The point of the needle penetrated Adam’s adam’s apple. A dot of blood appeared. I lunged with the knife, hitting the meaty part of Grieg’s palm between the base of the thumb and the wrist, causing him to release the syringe with a high-pitched squeal, as I got the needle out of Adam’s throat (before the lethal plunger had been pushed) and brought my bony knee up into Grieg’s soft belly, sending him sprawling to the filthy floor. I was tempted to hit him with the stool, but instead climbed onto it and got the key.
“I’m sorry,” said Adam as I unlocked his right wrist.
“You’re sorry? Why?”
“I led you here. I’m the one who circled the letters in your book, telling you to meet me here at midnight. I took the letter to your parents.
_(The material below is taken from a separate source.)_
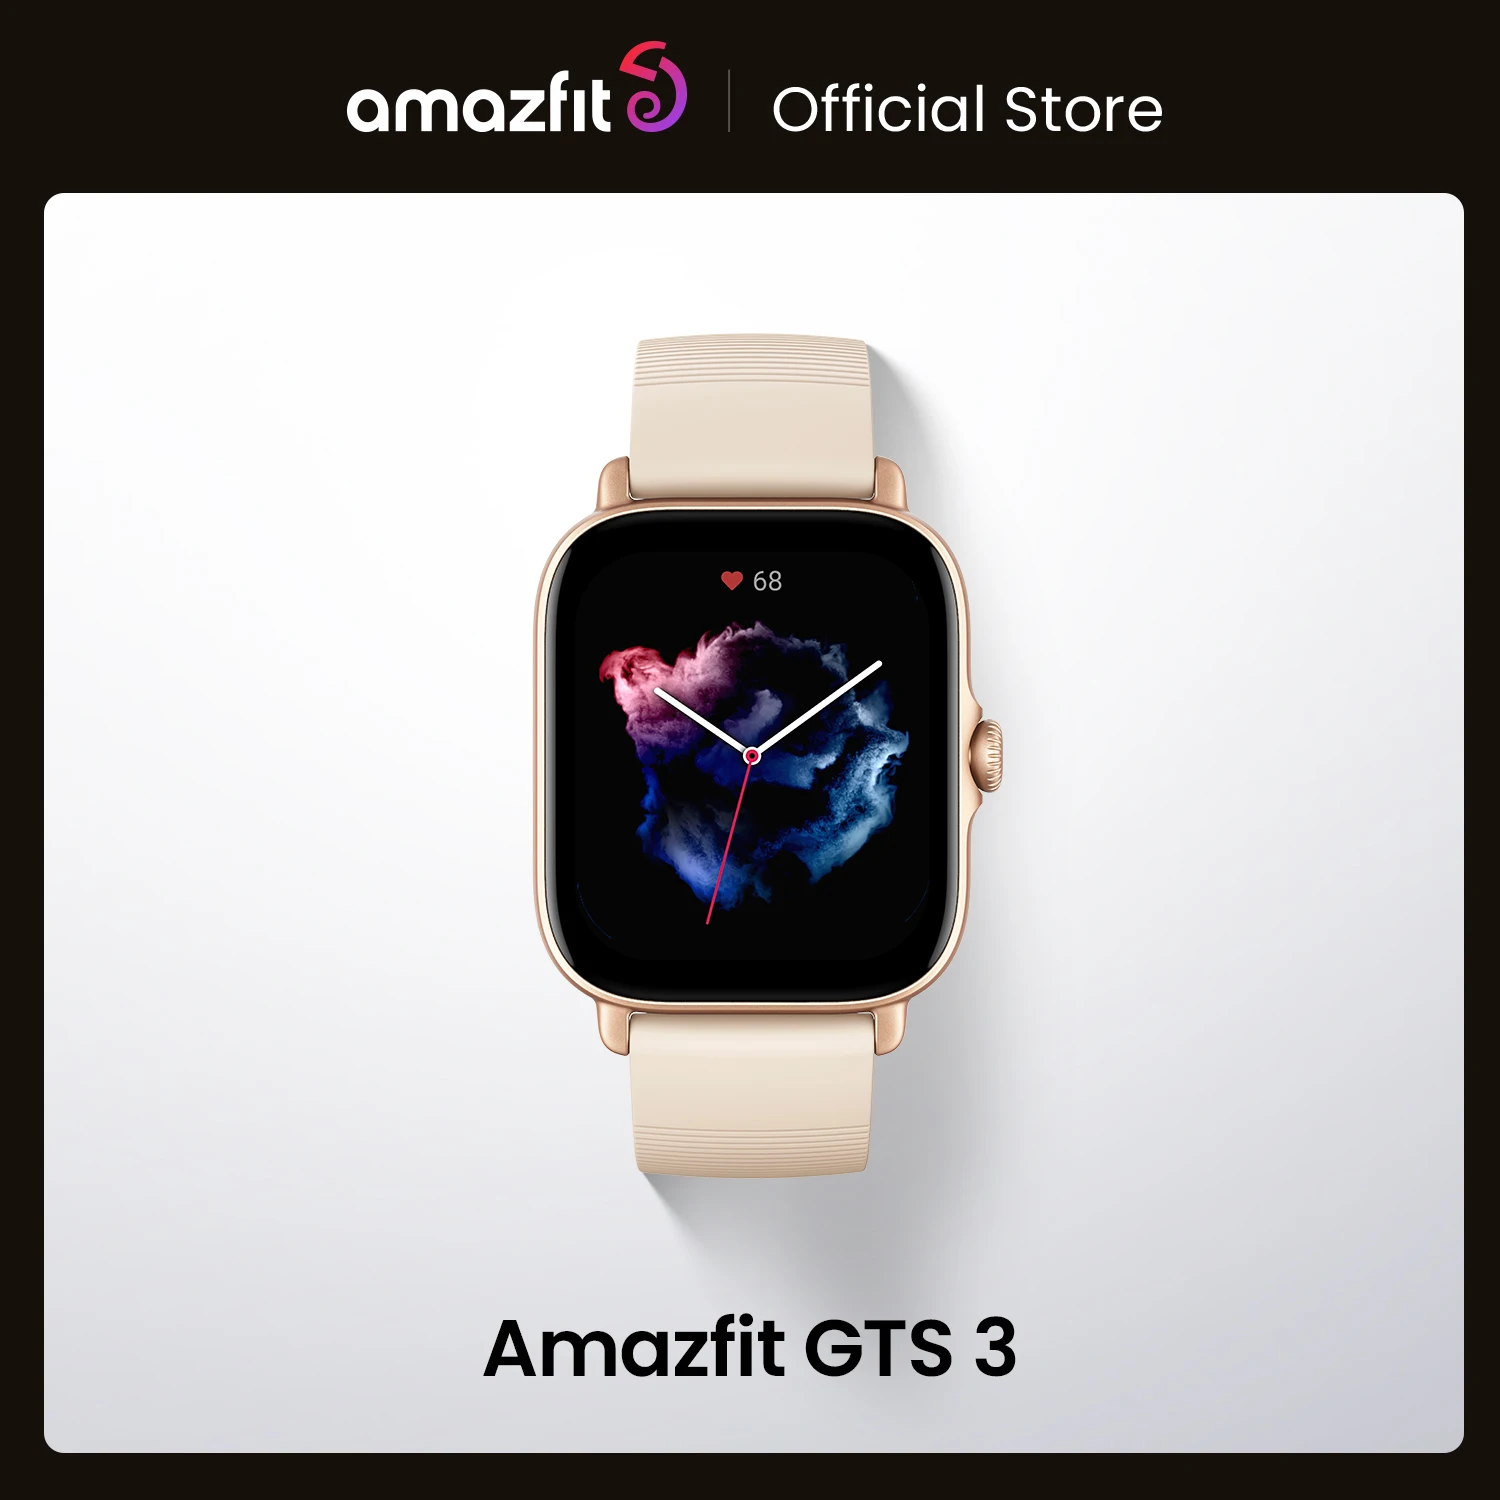 

2022Global Version Amazfit GTS 3 GTS-3 GTS3 Zepp OS Smartwatch AMOLED Display 5 ATM with Alexa Built in Smart watch for Andriod
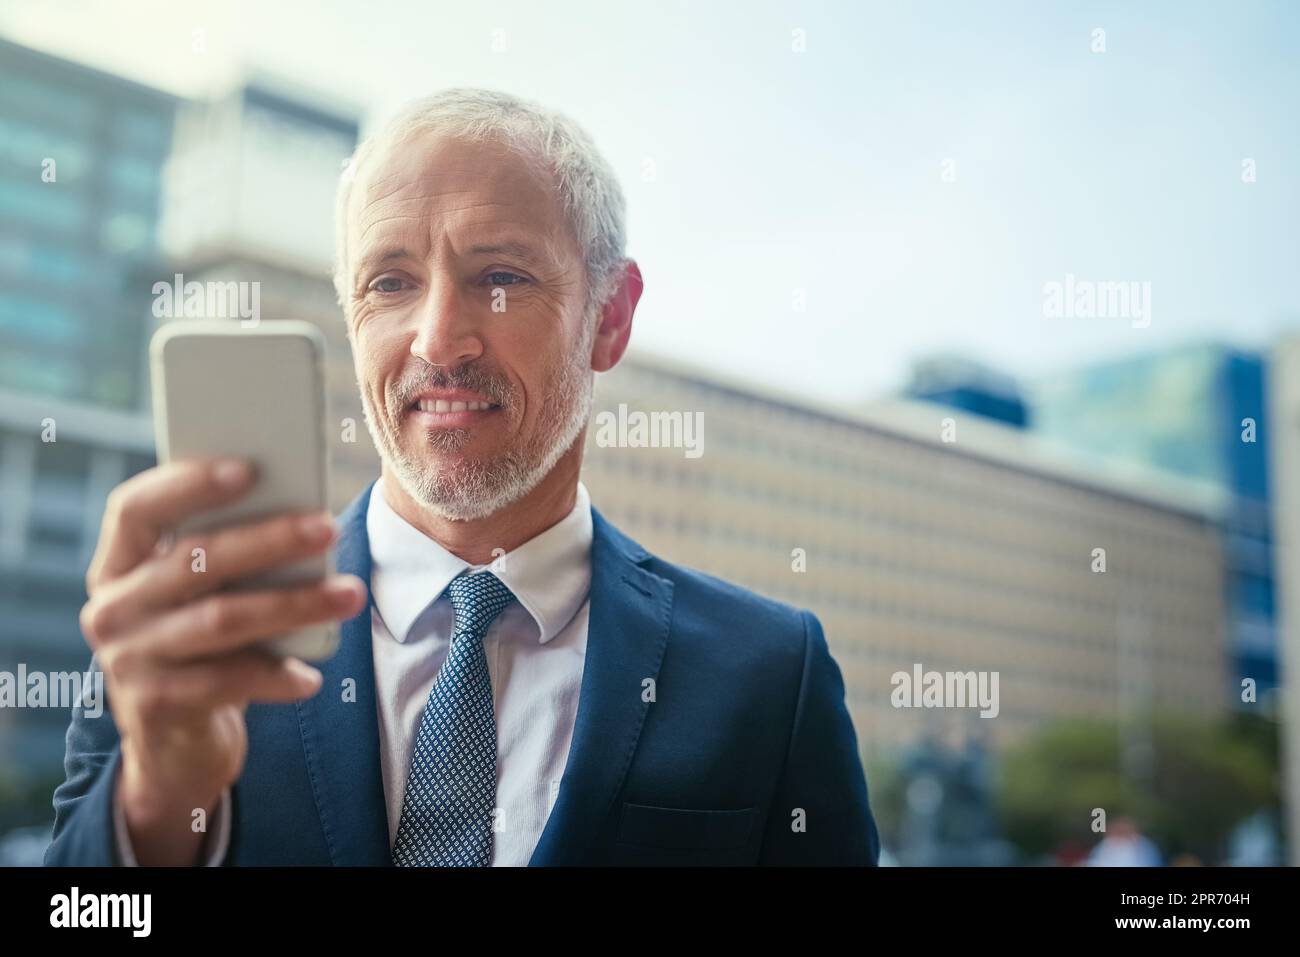 Letting his fingers do the talking. Shot of a confident businessman using his cellphone while standing outside his office building. Stock Photo

They search all the cabins daily, and I knew if that letter was found, describing all the strange things you’d seen, you’d be immediately replaced. That night, I got here early. I was hoping to rescue my son. Then you, he and I could have escaped together. Instead, Grieg turned up and stuck me with a dose of sedative. He’s been making me co-operate with the last phase of his lunacy. He said if I didn’t, he’d kill my boy.”
“But isn’t,” I started, freeing his left wrist, “aren’t they all ...?”
“Dead? Not yet. He wanted to keep them alive for DNA matches, possible skin grafts, blood types, and so on - which is lucky for us, because ...” Stretching his arms and flexing his fingers, he crossed to the wall facing him, pausing to kick Pericles Grieg as he went, then reached up, pulled out a loose brick and pressed a button behind it---as the wall slid back, revealing row after row of bunk beds.
Pulling the string off the neck of the inert Mut, Adam blew the whistle that dangled from it---and twenty blank faces sat up, squinted into the glare, saw Dr Grieg on the floor, and smiled.